## Work to be completed
Once you reach the line with "Multipurpose Brochure Template 16 Pages" below, copy each line exactly, stopping after the line with "Dimensions: 12 inches", and skip any pictures.

## Available records
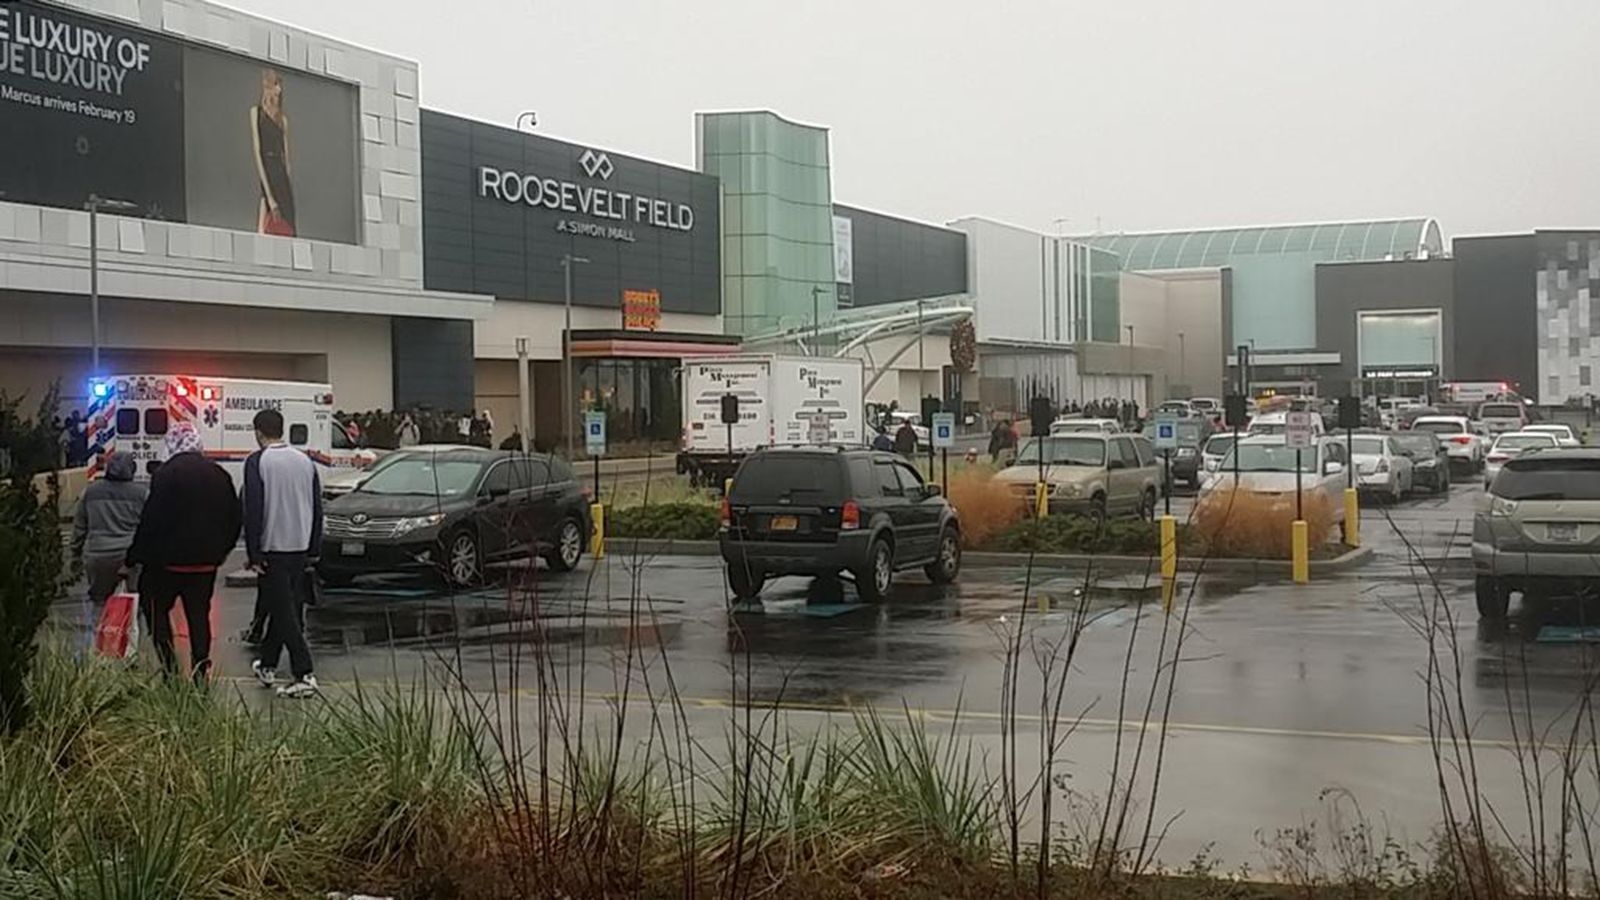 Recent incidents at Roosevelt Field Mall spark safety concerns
--
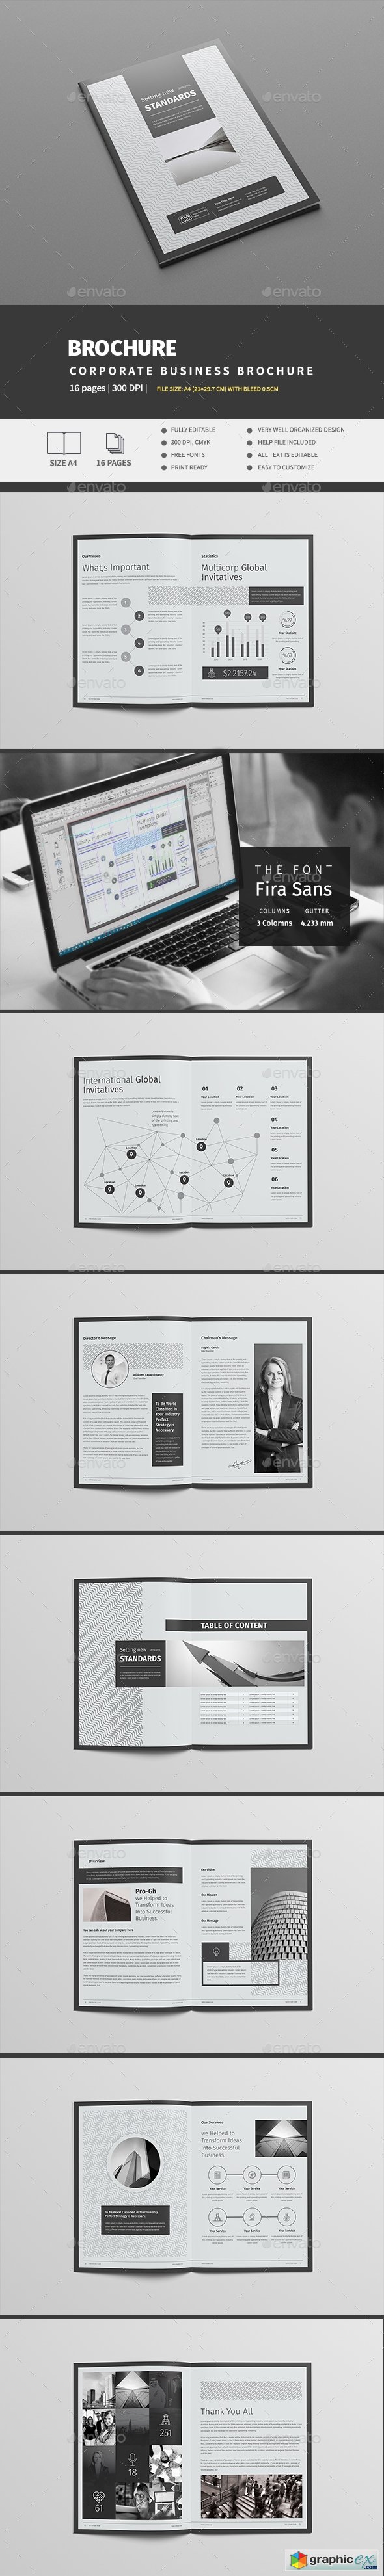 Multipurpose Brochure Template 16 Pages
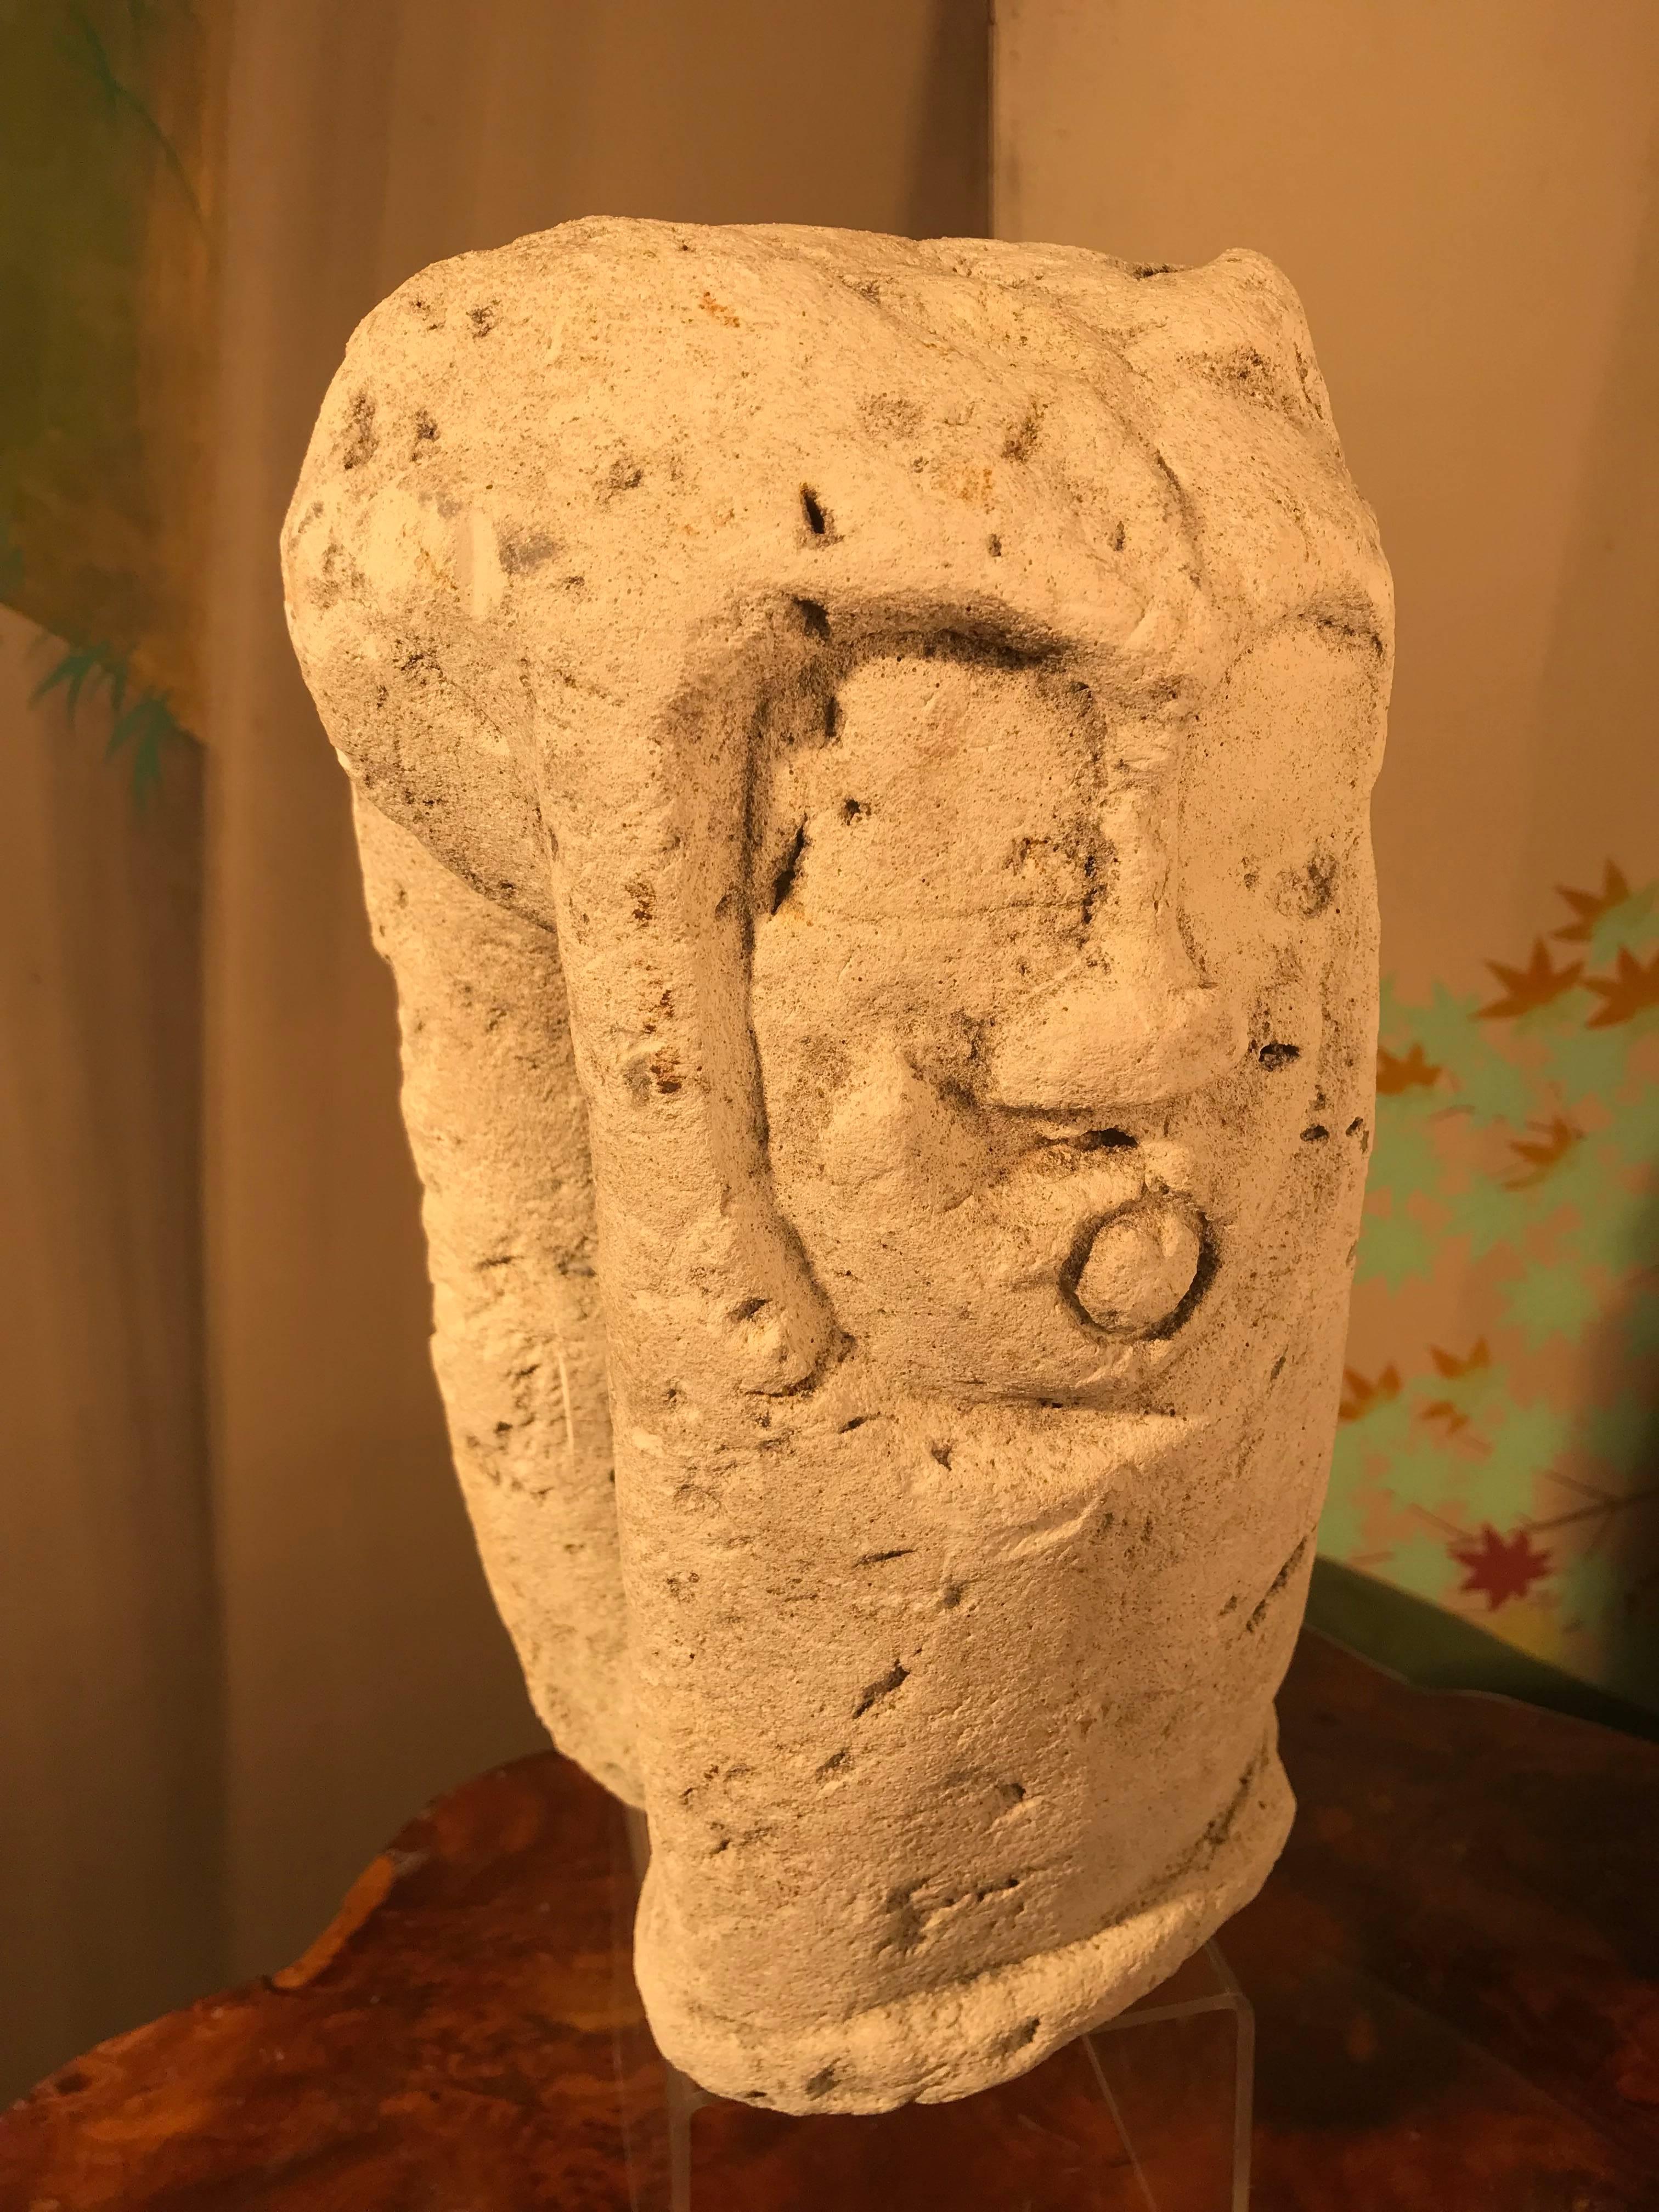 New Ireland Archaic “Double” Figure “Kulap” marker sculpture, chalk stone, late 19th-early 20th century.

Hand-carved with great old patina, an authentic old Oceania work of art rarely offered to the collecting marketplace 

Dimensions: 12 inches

## Final answer
 Multipurpose Brochure Template 16 Pages
 New Ireland Archaic “Double” Figure “Kulap” marker sculpture, chalk stone, late 19th-early 20th century.

Hand-carved with great old patina, an authentic old Oceania work of art rarely offered to the collecting marketplace 

Dimensions: 12 inches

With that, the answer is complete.